Agriculture:un état d'urgence

Par Gibert Garrouty



Agriculture:un état d'urgence
A son tour, et longtemps après la Coordination Rurale et la Confédération Paysanne, la FNSEA sort du bois -rassemblement ce vendredi à Mont-de-Marsan- pour exprimer le cri d'alarme des agriculteurs aux prises avec un effondrement quasi-général des marchés. On se souvient que les deux syndicats minoritaires et leurs "filiales" avaient organisé une grève du lait qui fut largement médiatisée, mais condamnée par la formation majoritaire (la chambre d'agriculture de Lot-et-Garonne à majorité Coordination, pas rancunière, n'en soutient pas moins l'action). Les résultats de cette mobilisation diversement suivie ne sont pas évidents, encore que le ministre de l'Alimentation et de l'Agriculture -observez que l'on fait passer désormais en premier "l'Alimentation"- ait paru s'engager avec d'autres pays dont l'Allemagne dans une démarche de maintien des mécanismes de régulation des marchés. Cependant la temporisation de la FNSEA a laissé le temps au ministre de préparer sa réponse, et d'aucuns y verront une belle illustration de la cogestion franco-française de la politique agricole. Bruno Le Maire, ne vient-il pas de souligner la baisse de 20% du revenu agricole, et de se déclarer favorable à un plan global de soutien? Certes, sans en préciser les moyens.

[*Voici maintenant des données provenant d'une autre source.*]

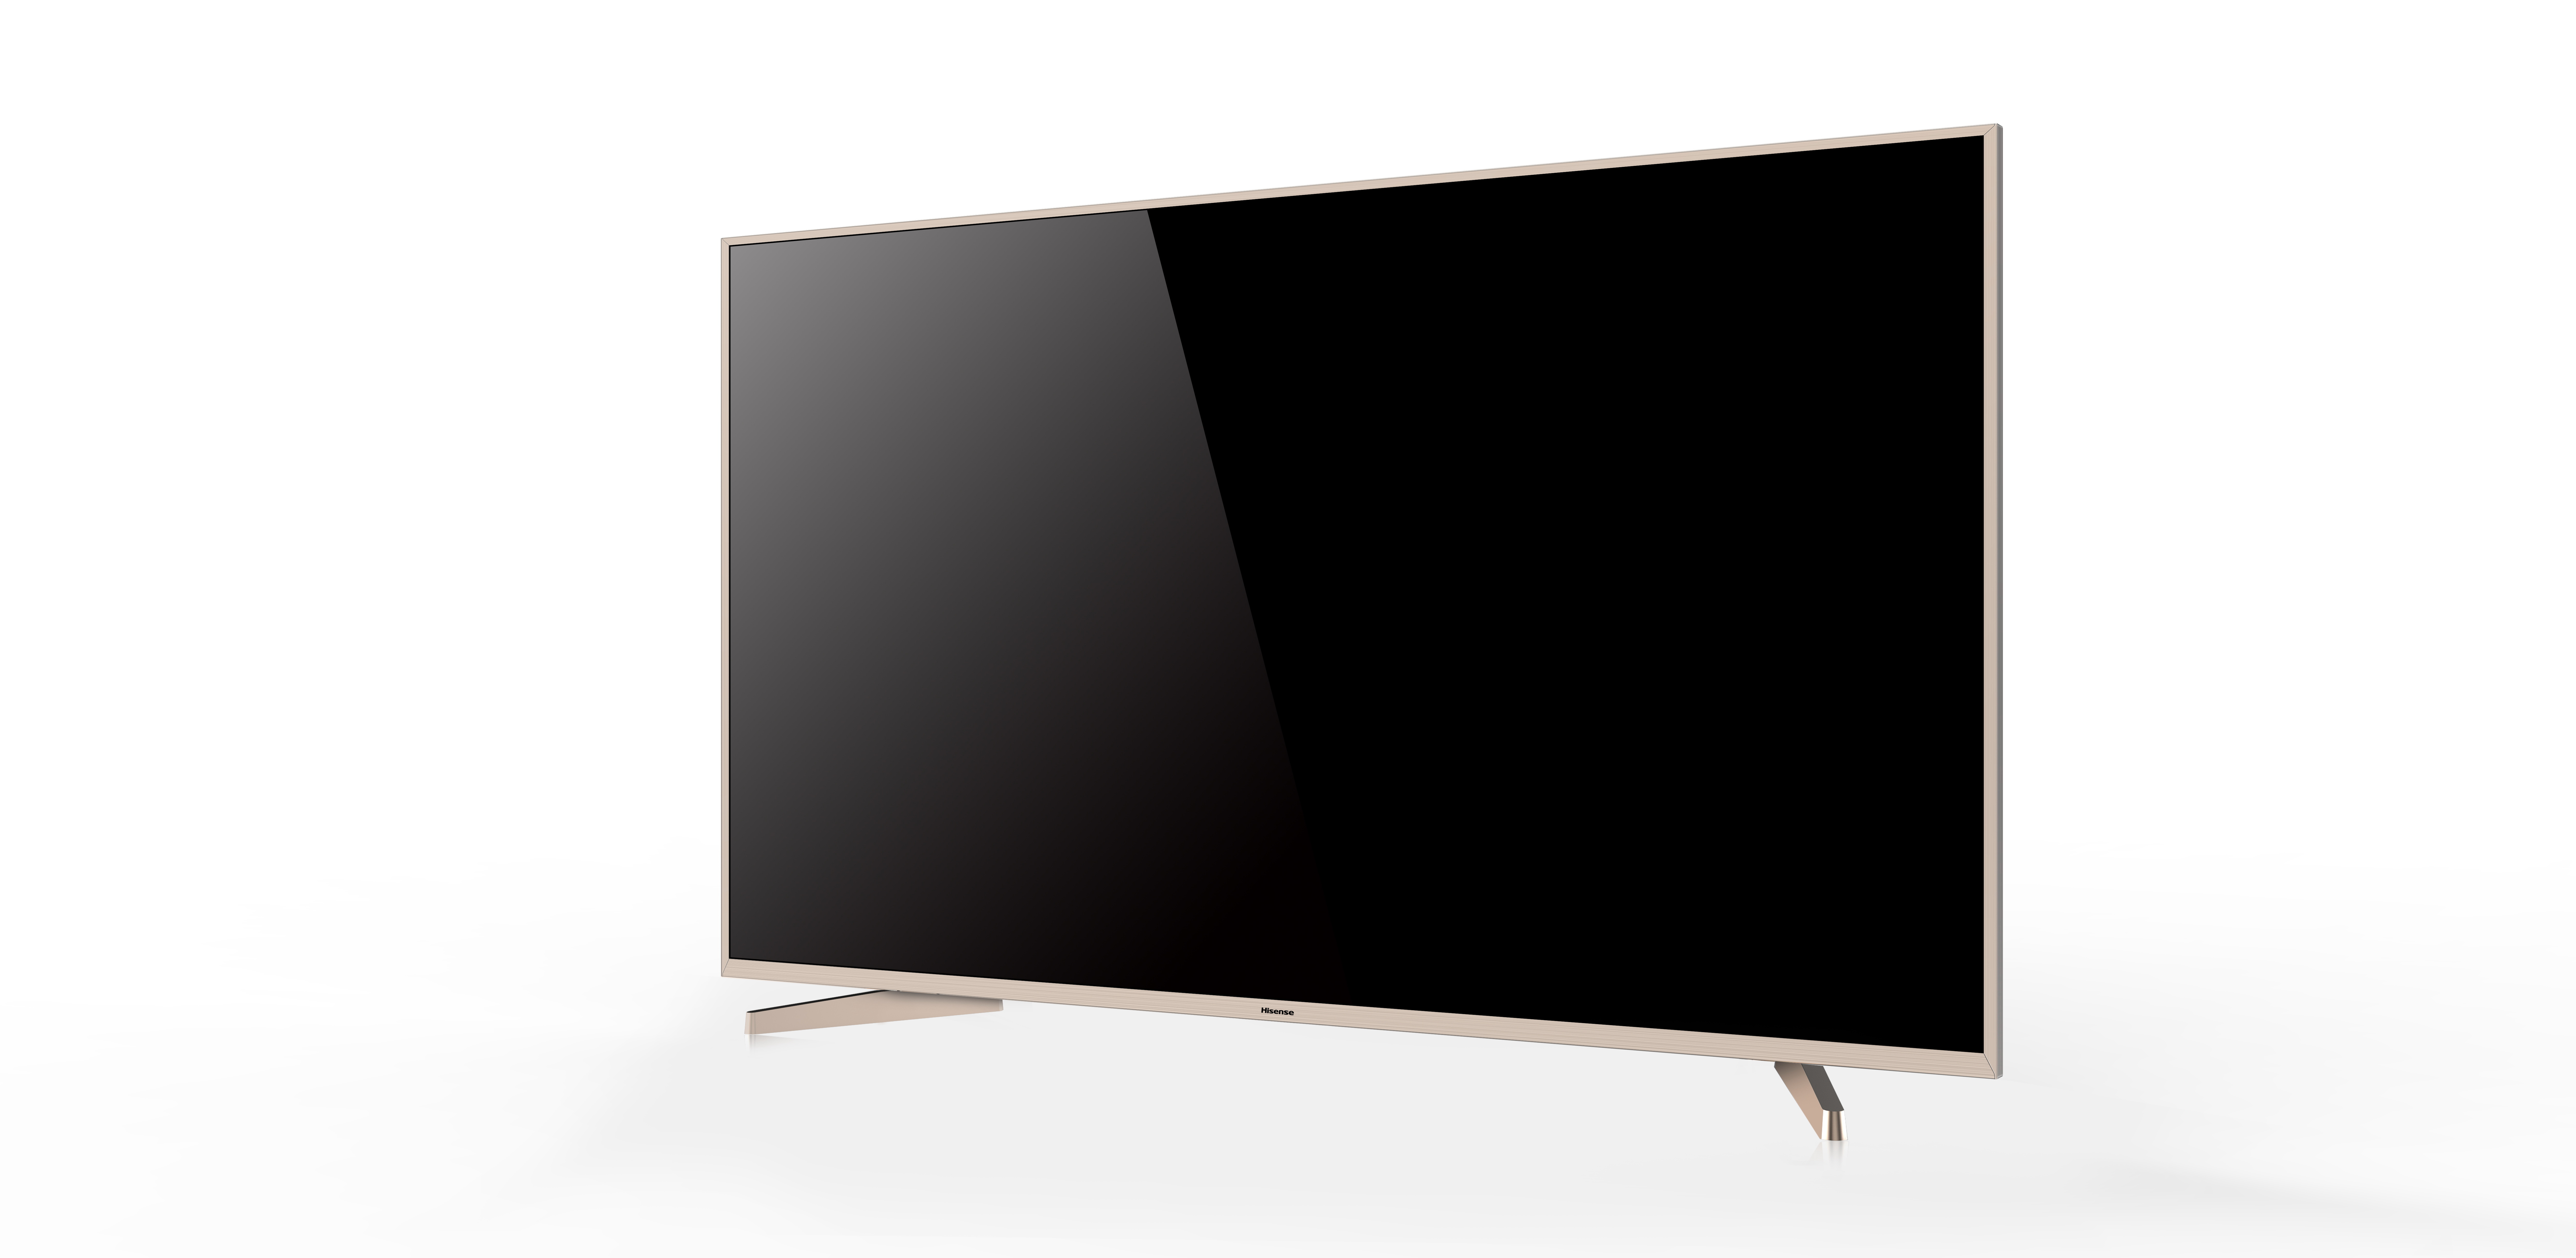 海信(Hisense)LED50M5000U 50英寸 4K超高清智能电视 SUS钢材质金属极窄边框 2GB运行内存高清大图

La FNSEA par la voix de son secrétaire général Dominique Barrau -le président, Jean-Michel Lemétayer, critiqué sur le dossier du lait semble sur la réserve- réclame "un année blanche pour une année noire". A cet effet le syndicat s'adresse à Nicolas Sarkozy en lui rappelant que l'agriculture "qui est en train de couler" à un prix, et qu'elle mérite autant d'être aidée que les banques. Seront-ils entendus? En tout cas le discours de la FNSEA ne semble pas se diriger autant que le souhaiterait au moins une partie des agriculteurs vers les racines du mal. Les vraies questions ne se trouvent-elles pas du côté de l'Europe ultra-libérale, d'une commissaire à l'agriculture peu réceptive, d'une PAC (politique agricole commune) qui devient une politique alimentaire à courte vue?. Si une inflexion n'intervient pas rapidement les consommateurs pourraient bien payer la note lorsque les prix flamberont, et comme le disait quelqu'un, rencontrer de plus en plus de mal, au moment des vacances, pour s'asseoir dans l'herbe d'un campagne gagnée, en certaines régions, par la friche et la ronce.
¤Après cette journée d'action du 16 octobre la FNSEA affiche sa satisfaction estimant avoir mobilisé plus de 50 000 agriculteurs. Avec 23 points régionaux de rassemblement, dont Mont-de-Marsan et Toulouse pour le Sud-Ouest, cela correspond à une moyenne de un peu plus de 2 000 personnes par manifestation. L'utilisation de nombreux tracteurs et autres engins, les opérations escargots, ont renforcé l'impression de mobilisation et de puissance. Le président de la FNSEA est apparu sur les écrans, et Nicolas Sarkozy dans une intrerview au Figaro annonce des initiatives "fortes". Le scénario semble bien engagé. Le 1, 4 milliard d'euro réclamé sera-t-il accordé? Un tel plan peut sans doute parer au plus pressé, mais l'incendie persistera si le cap n'est pas modifié là où il doit l'être. Comme l'ont montré quelques manifestants devant le Fouquets, il y a bien le feu à la ferme France.